There is something important to note here. Early on, I noticed that the app actually let you execute gambles with a wager of 0 tokens. It tells you the result of the gamble coin toss, but no money is ever gained or lost. This was one of the original discoveries that inspired my investigation into the random number generator. This could, arguably, be considered a bug, but it’s something that doesn’t really hurt or help malicious users. In this case, due to the app’s weak random number generator, it allowed for information leakage, but, with a cryptographically strong number generator, this would be a non-issue. This subtle behavior, though, allowed me to glean helpful information about the internal number generator state.

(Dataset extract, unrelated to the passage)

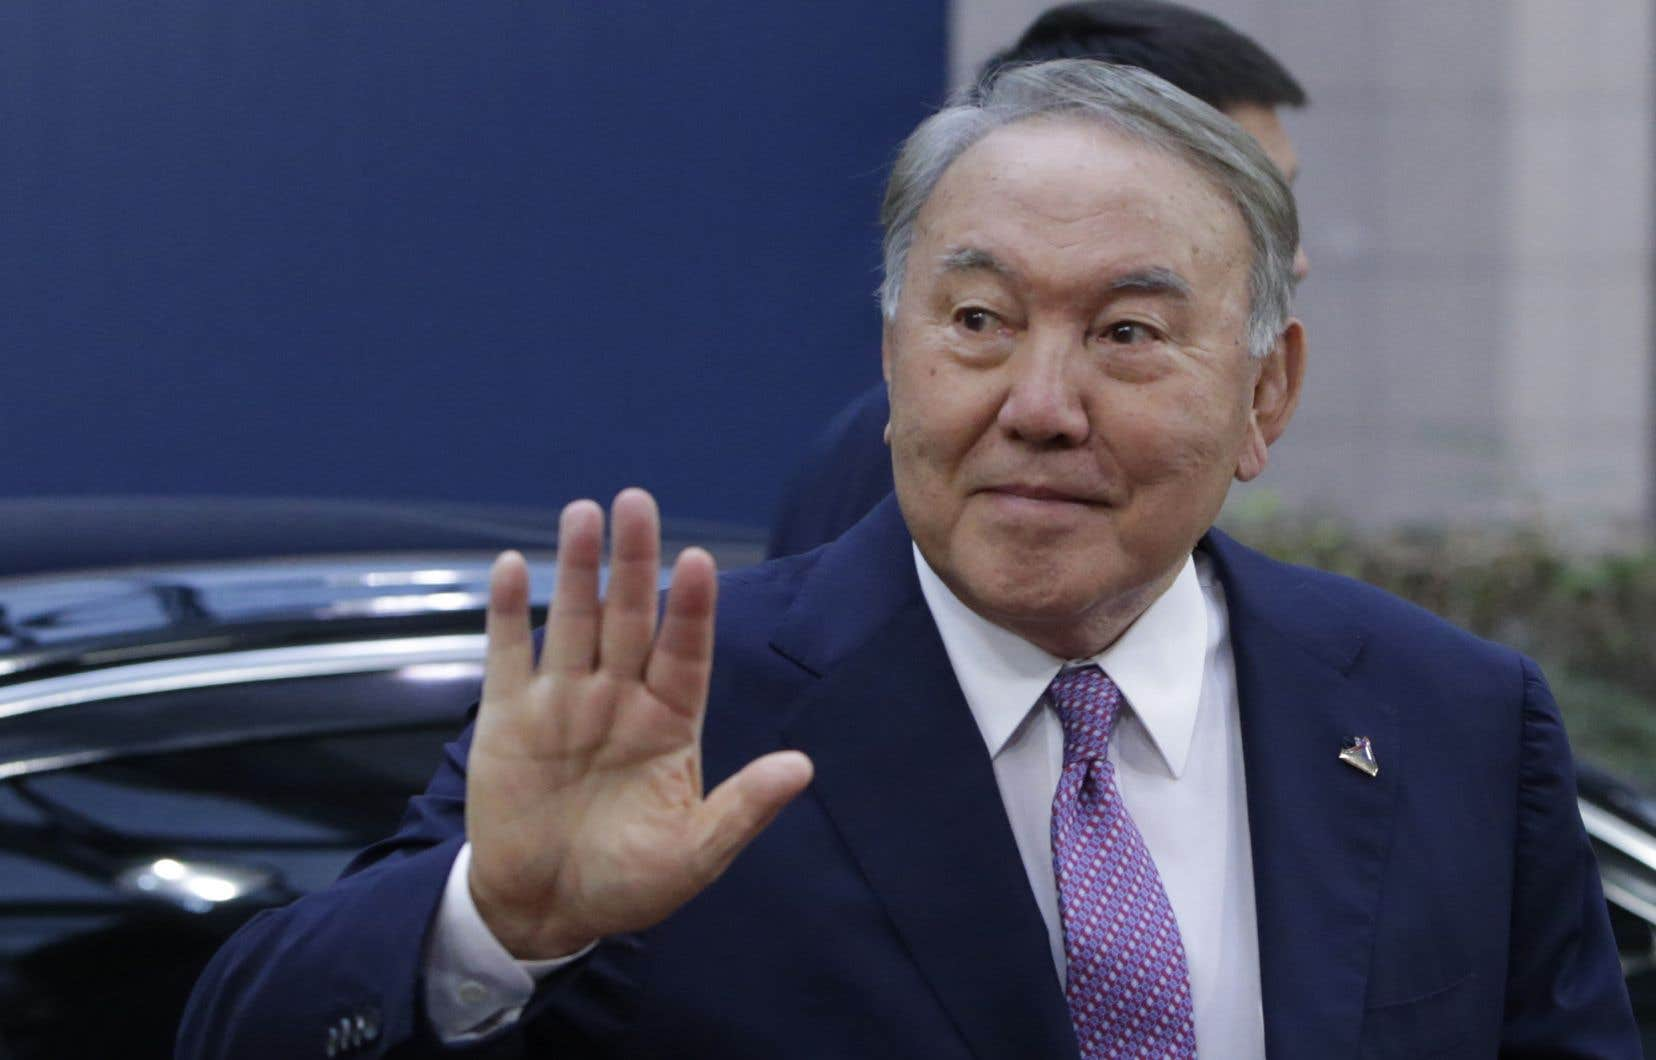 NoursoultanNazarbaïev était le dernier dirigeant de l'ex-URSS au pouvoir sans discontinuer depuis la dissolution de l'Union soviétique en 1991.

Once we have determined the seed we can start gambling. Since we know that any continuous runs of the random number generator will be periodically interrupted, we take this into account when coming up with a gambling strategy. Basically, the strategy is the following:

  1. Feed a small number of gambles into the system as fast as possible, so as to produce a run of gambles, call it \(Primer\), with (hopefully) no random number generator skips.
  2. Since we know the full random number sequence (because we found the seed), use the sequence \(Primer\) to locate ourselves in the sequence. It should be easy to approximate where in the sequence we are since we can estimate how long it’s been since the server has started.
  3. Once we determine the current RNG generation, we start gambling, using each next output of the random number sequence as our prediction. We gamble continuously until the first loss, at whatever desired rate of risk. Once we lose, we assume that a periodic status check interfered with our continuous generation run.
  4. Wait a small period of time for the status check to finish. Then go back to step 1 and repeat.

This strategy, even with occasional losses, or unexpected blips, was ultimately successful, as evidenced my final Mongobucks balance, that well exceeded the billion token mark:

alt text

Concluding Thoughts

For me, this was an interesting exploration of Go’s random number generator and some of its unexpected behaviors. Default random number generators should always be considered insecure, but I wanted to see what it would actually take to beat one that uses a non-trivial algorithm. It turned out to be a good exercise in programming, debugging, and penetration testing. For those interested, there is a somewhat unstructured collection of code that I used throughout this process located here. They are mostly one-off scripts and probably can’t be used for anything general purpose, but they represent a dump of the tools I used during this hacking process. Also, you can view the original Mongobucks app source code here.